▶ Material provided:

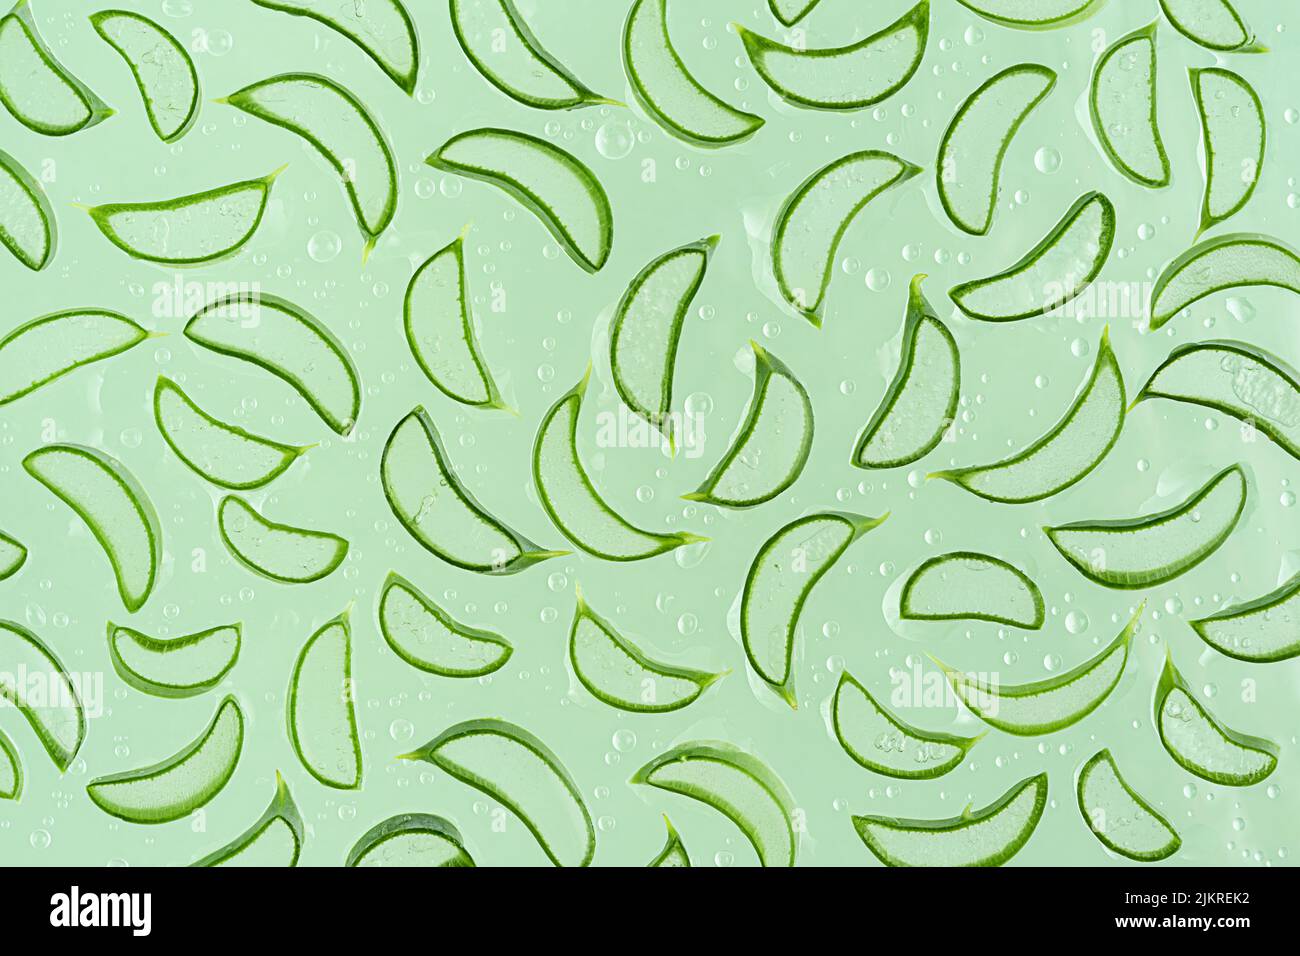 Pattern of aloe vera slices on green background. Top view Stock Photo
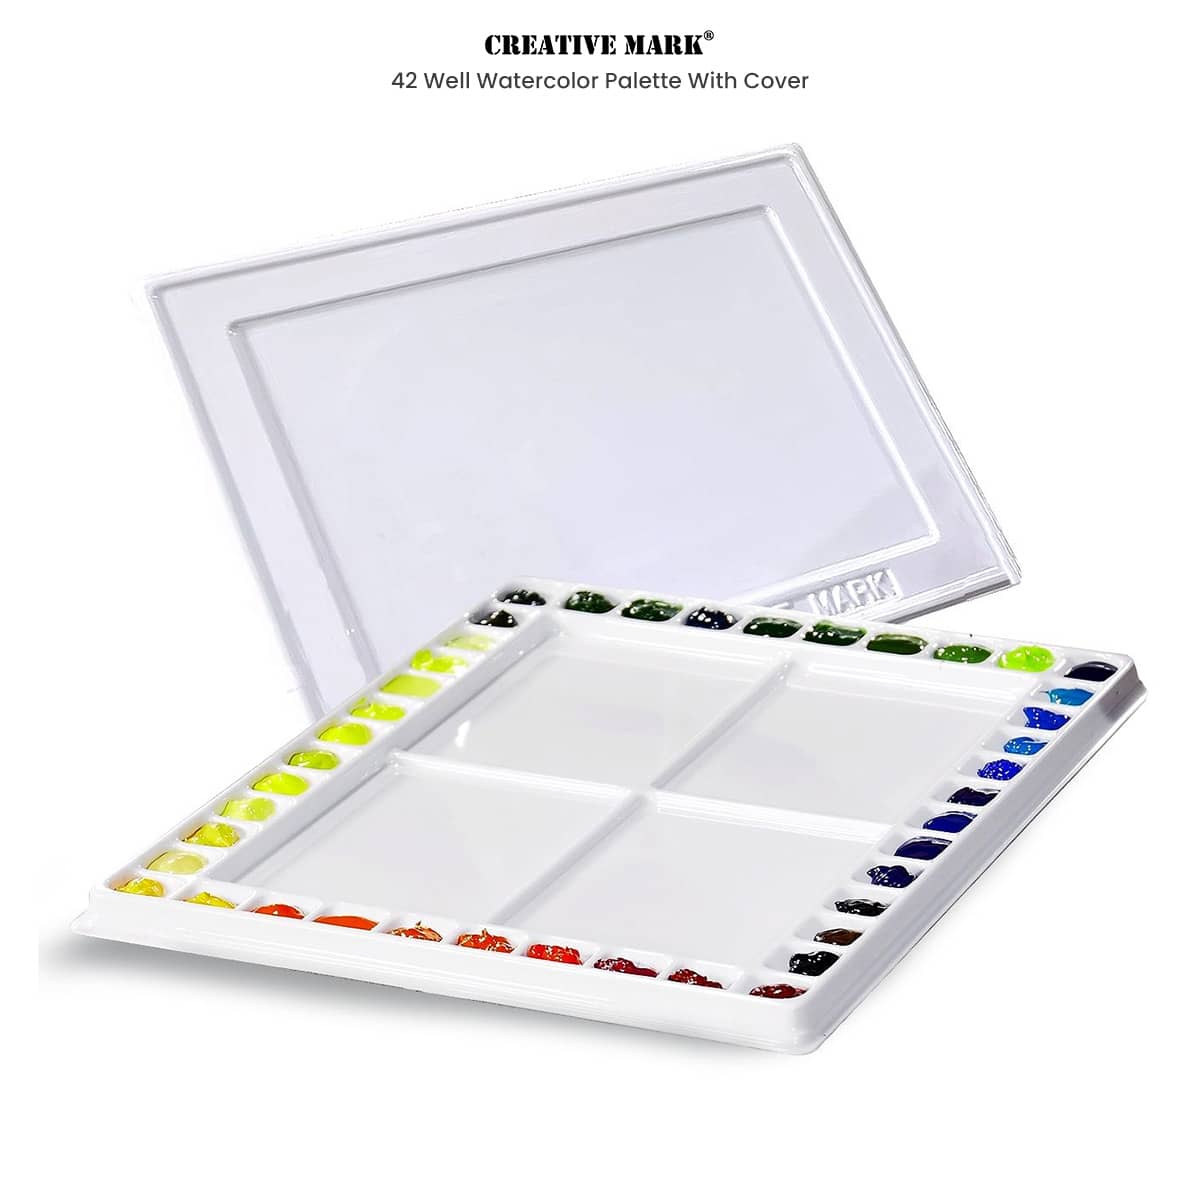 Empty Watercolor Palette with Lid by Dugato, 24+13 Half Pans with Fold-Out  Palette, Large Mixing Area, Metal Tin Box for Watercolor Acrylic Oil DIY
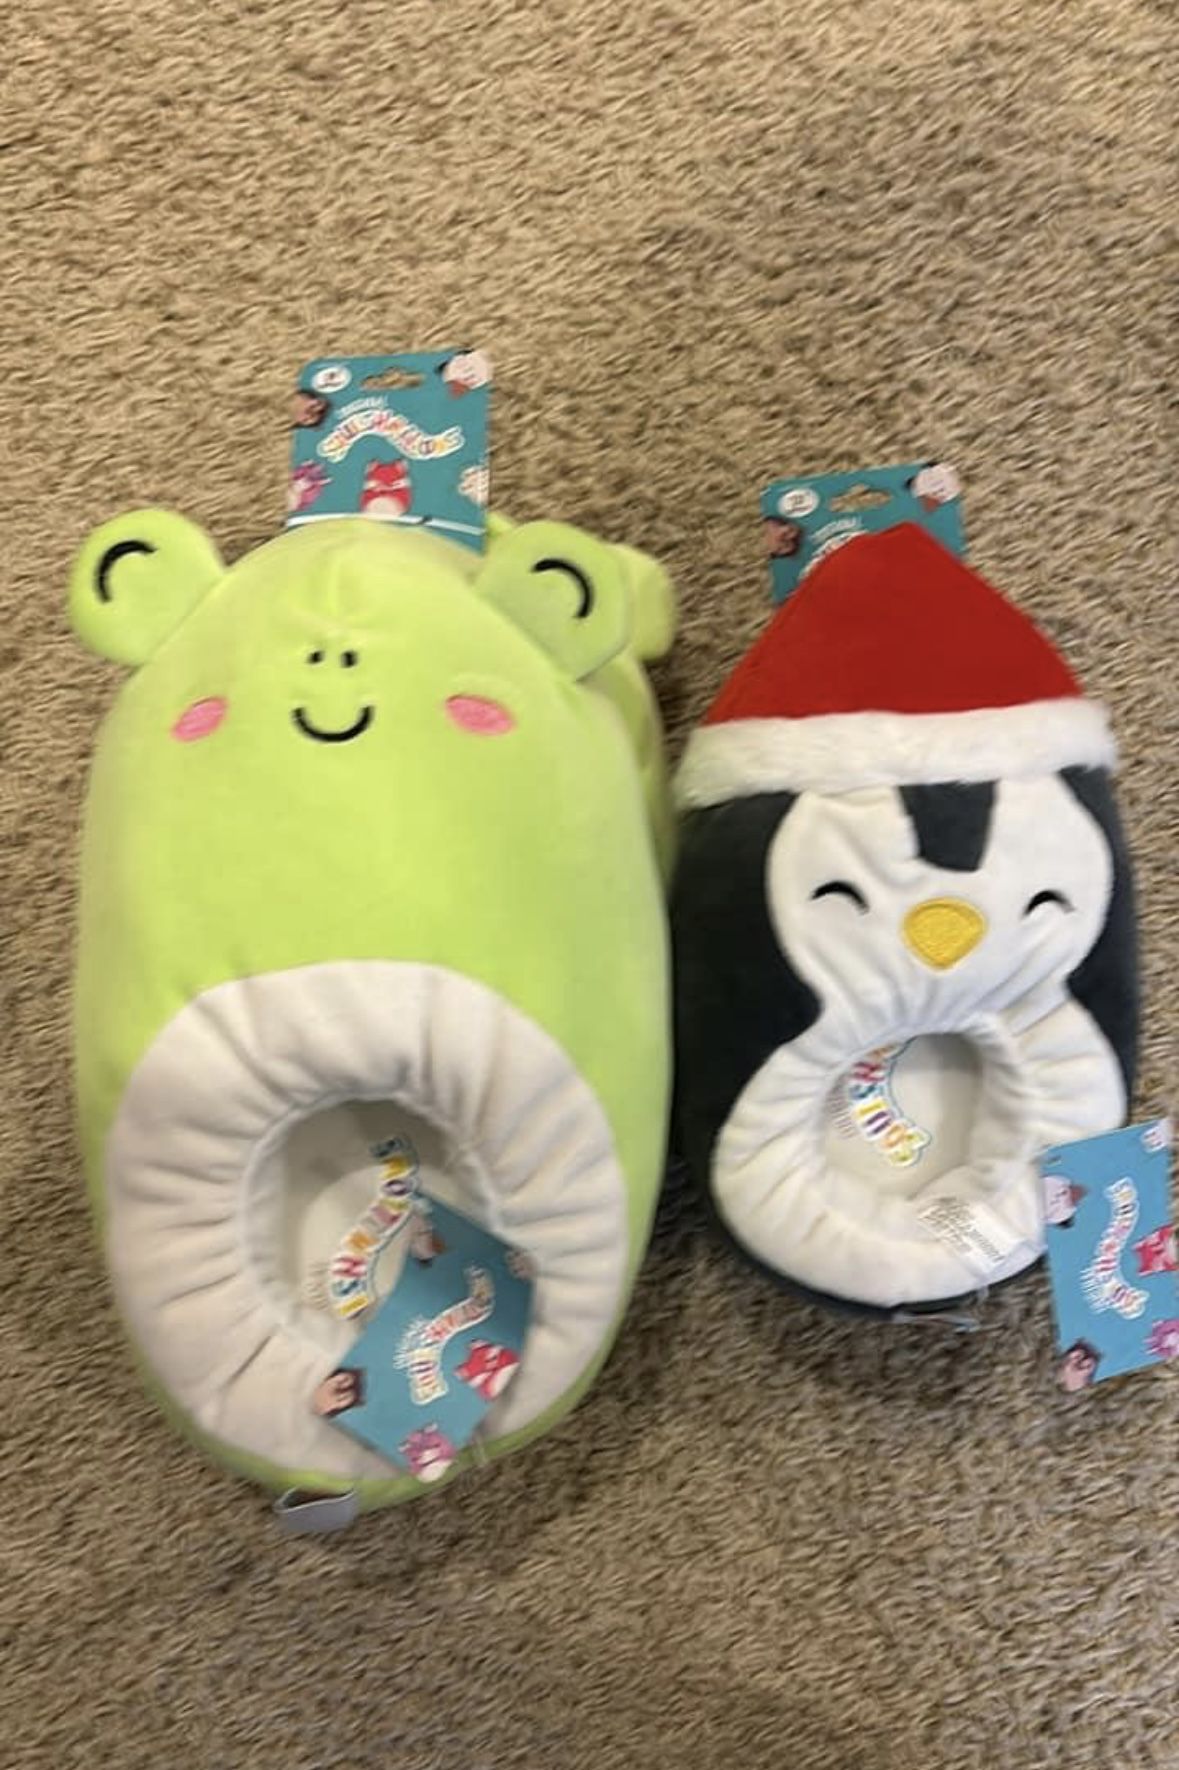 New Squishmallow Slippers

▶ Exercise brief:
The listing above must be printed again exactly, minus its pictures.

▶ Finished task:
 Pattern of aloe vera slices on green background. Top view Stock Photo
 Empty Watercolor Palette with Lid by Dugato, 24+13 Half Pans with Fold-Out  Palette, Large Mixing Area, Metal Tin Box for Watercolor Acrylic Oil DIY
 New Squishmallow Slippers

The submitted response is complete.